● WORK INSTRUCTION
Return the data below exactly as given, except for the images.

● GIVEN MATERIAL
Content starts

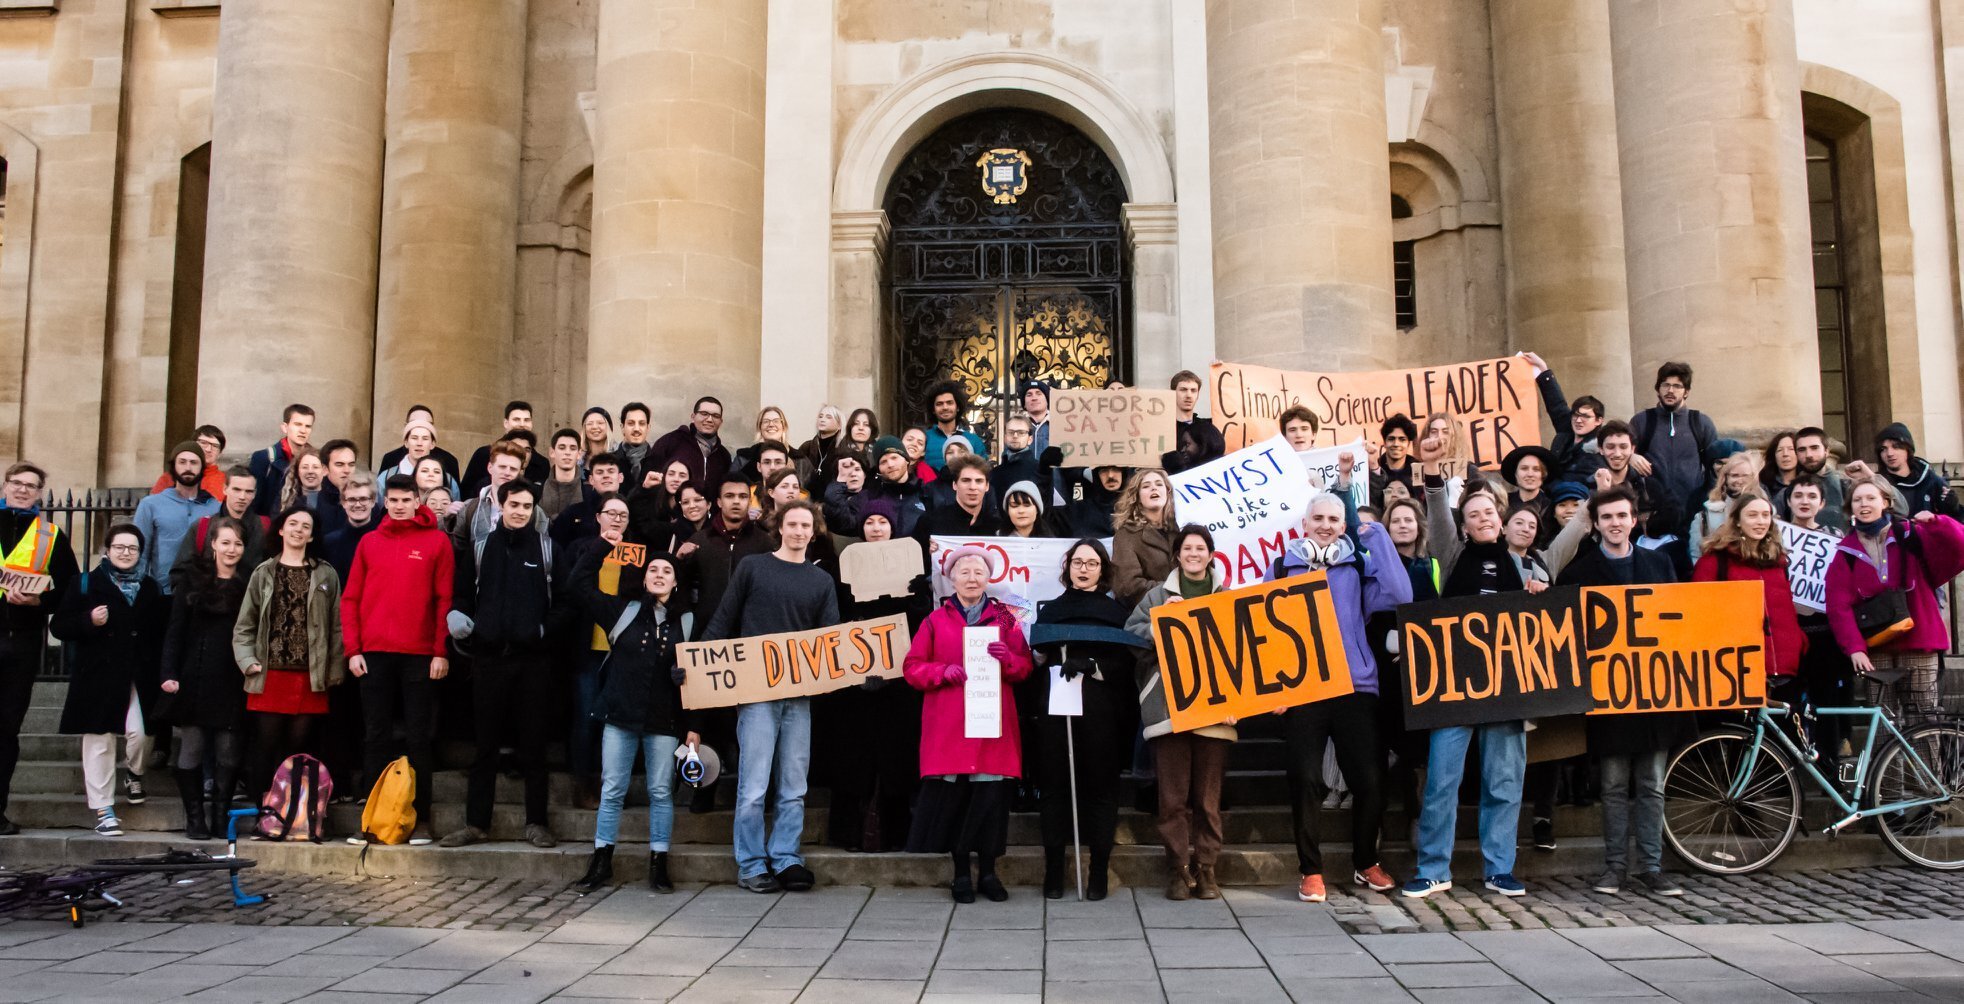 Many people outside an Oxford building holding signs calling for divestment, disarming and decolonisation.
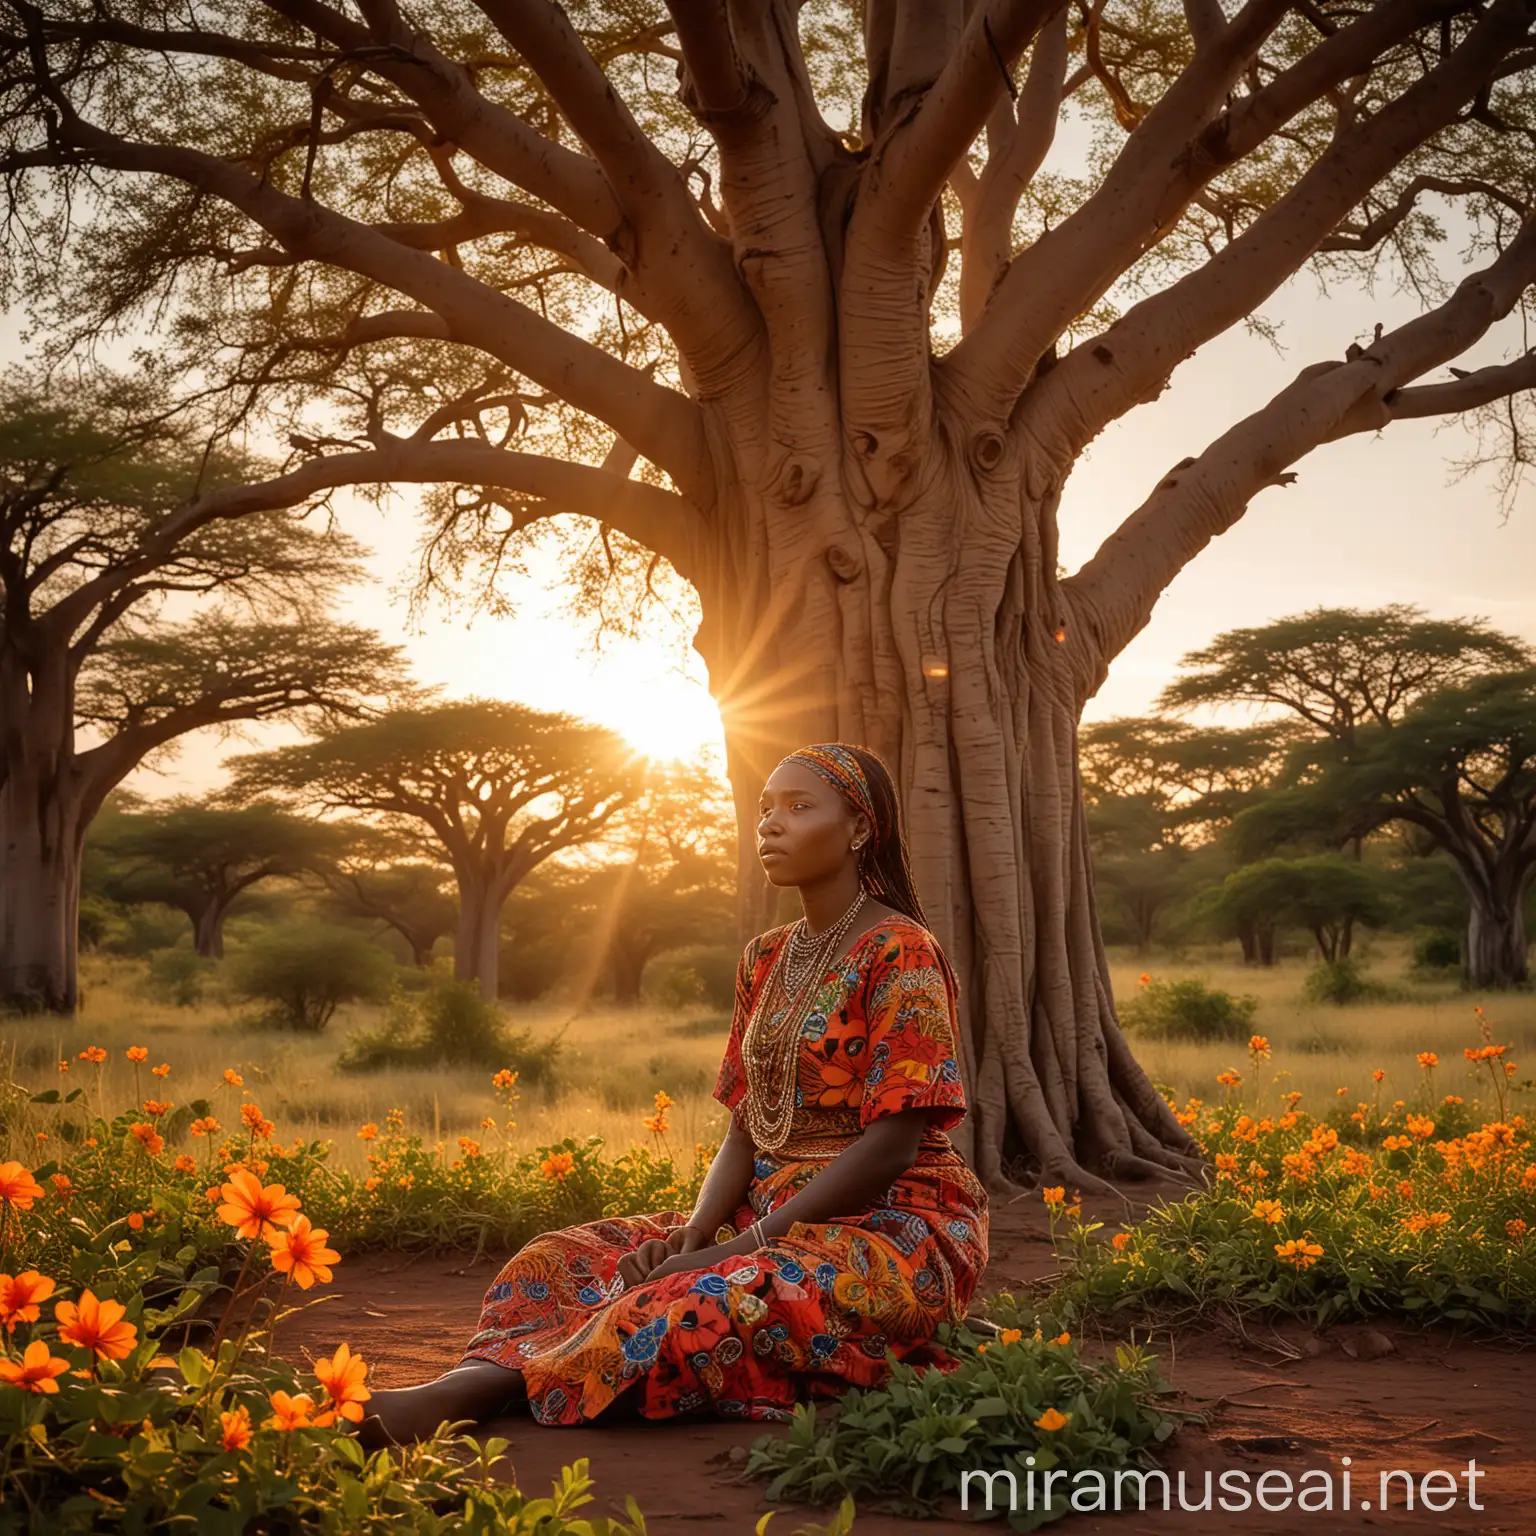 Description: A serene African savannah at dusk, with the golden light of the setting sun casting long shadows. In the center, the majestic sacred Baobab tree stands tall with its sprawling branches and thick trunk, surrounded by lush greenery and colorful flowers. Amina, a young woman with braided hair adorned with beads and wearing a bright, patterned dress, kneels by the tree, her face illuminated by the soft glow of a metallic box half-buried in the soil. Beside her, Mama Juma, an elderly woman with wise, kind eyes and traditional attire, looks on with curiosity and wonder.
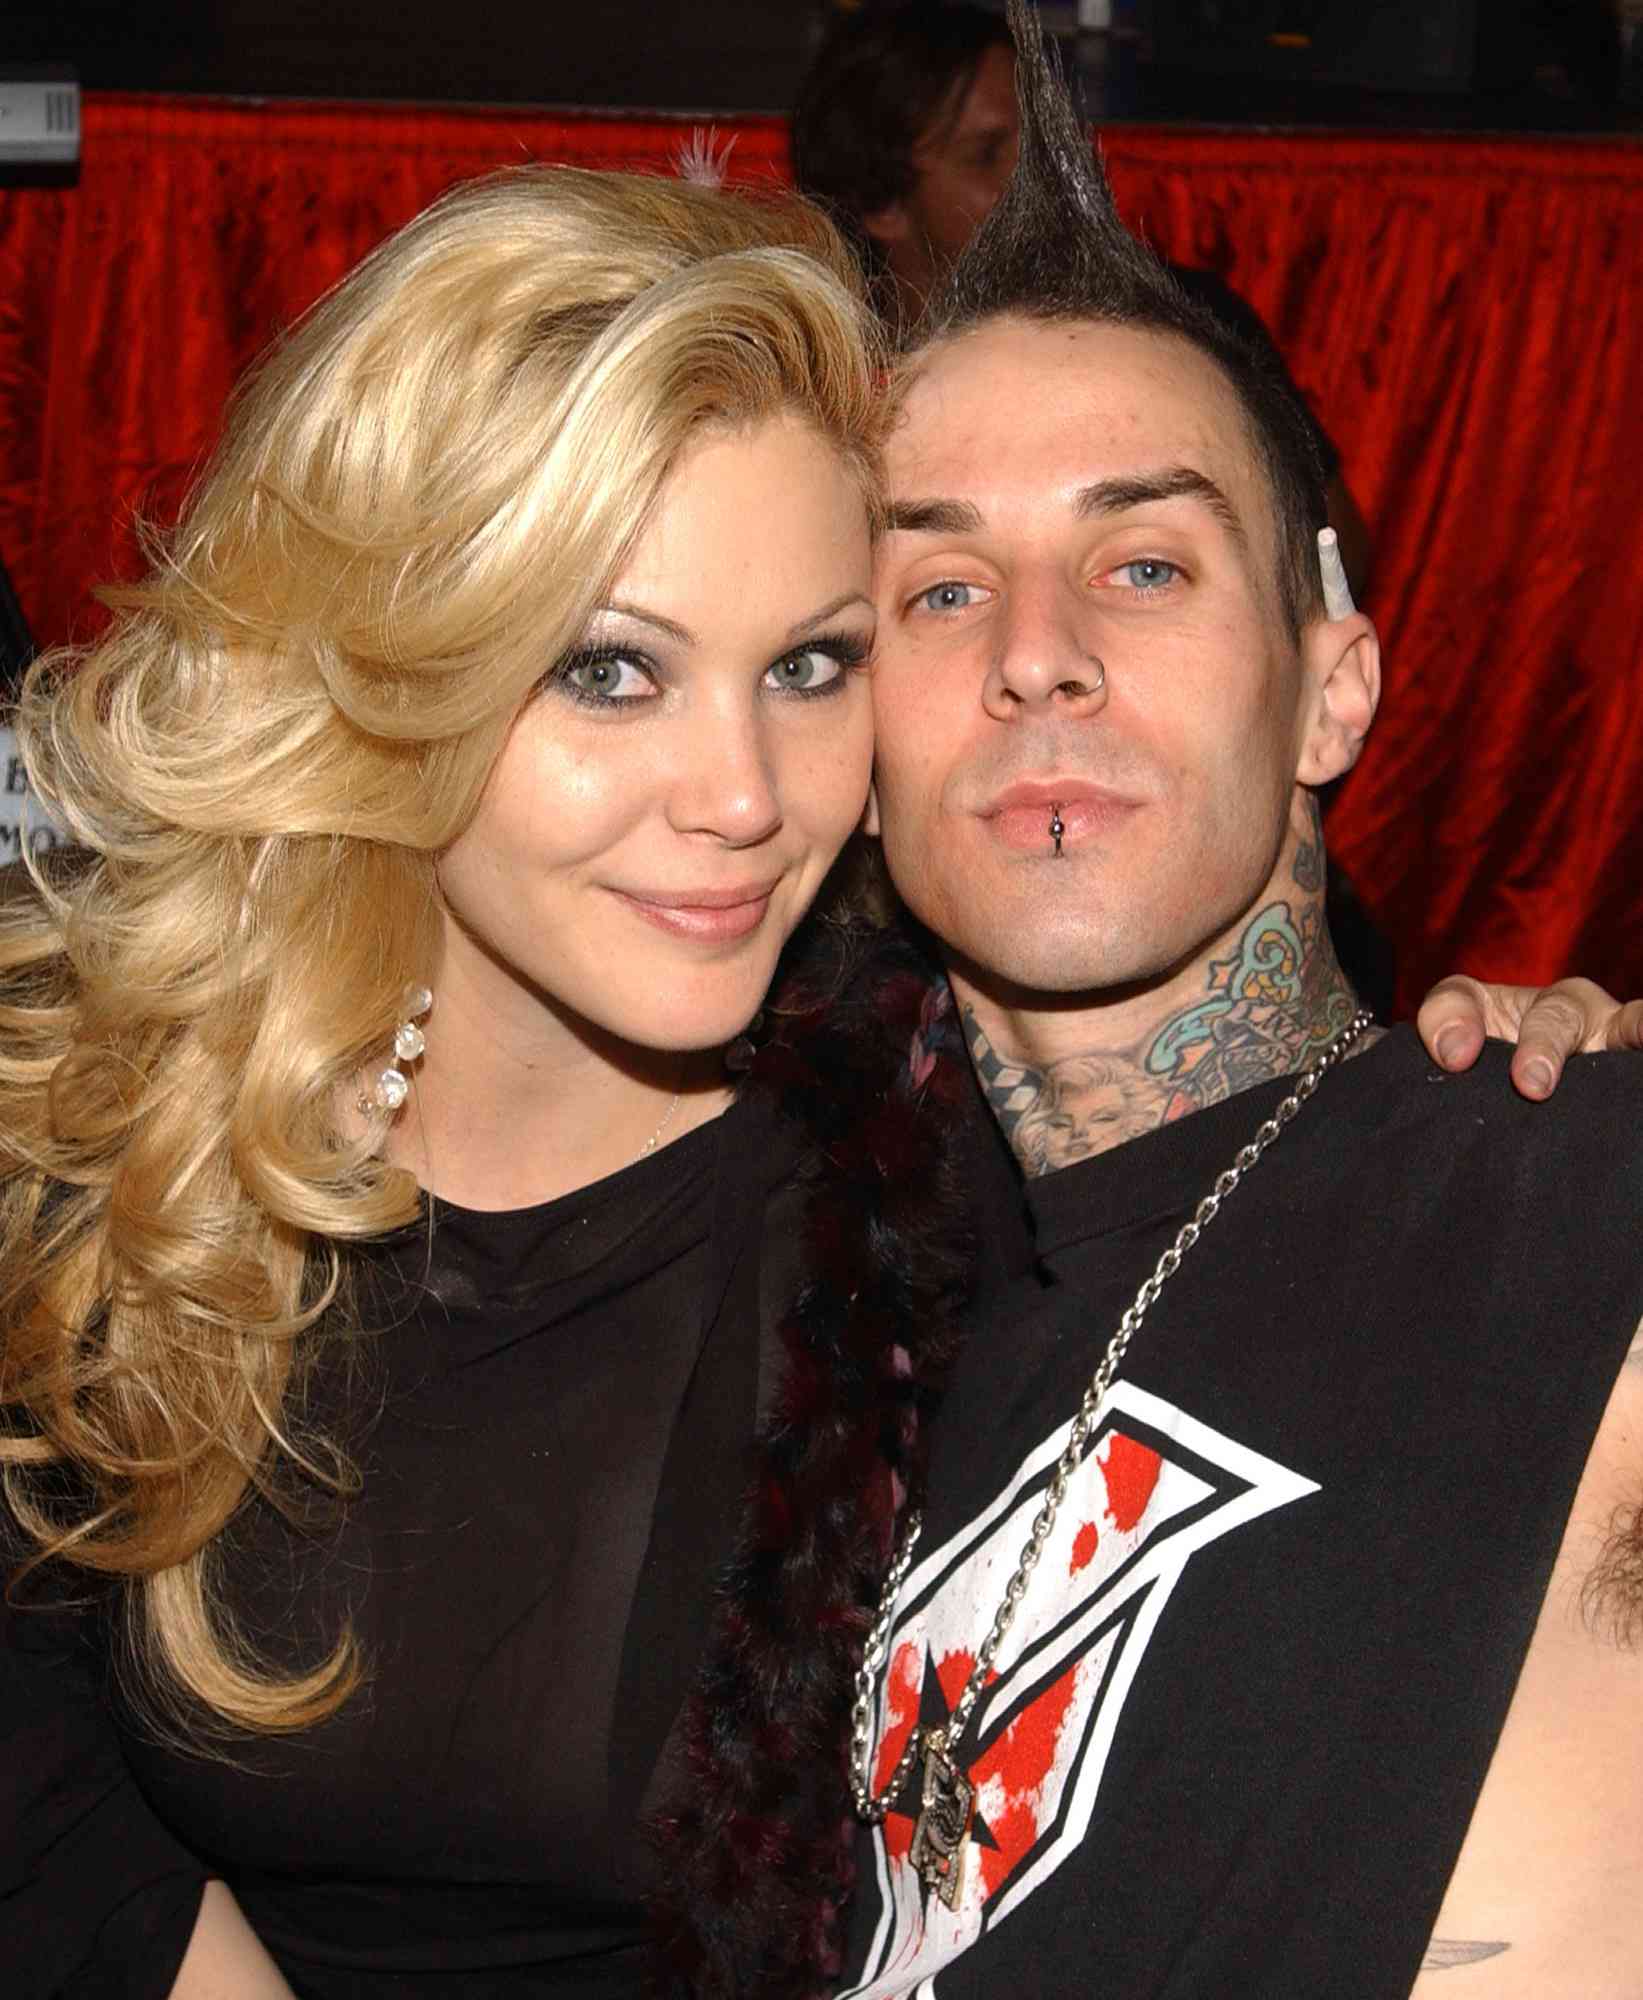 Shanna Moakler and Travis Barker during Beachers Comedy Madhouse in 2004

Content ends

● SOLUTION FOR THIS TASK
 Many people outside an Oxford building holding signs calling for divestment, disarming and decolonisation.
 Description: A serene African savannah at dusk, with the golden light of the setting sun casting long shadows. In the center, the majestic sacred Baobab tree stands tall with its sprawling branches and thick trunk, surrounded by lush greenery and colorful flowers. Amina, a young woman with braided hair adorned with beads and wearing a bright, patterned dress, kneels by the tree, her face illuminated by the soft glow of a metallic box half-buried in the soil. Beside her, Mama Juma, an elderly woman with wise, kind eyes and traditional attire, looks on with curiosity and wonder.
 Shanna Moakler and Travis Barker during Beachers Comedy Madhouse in 2004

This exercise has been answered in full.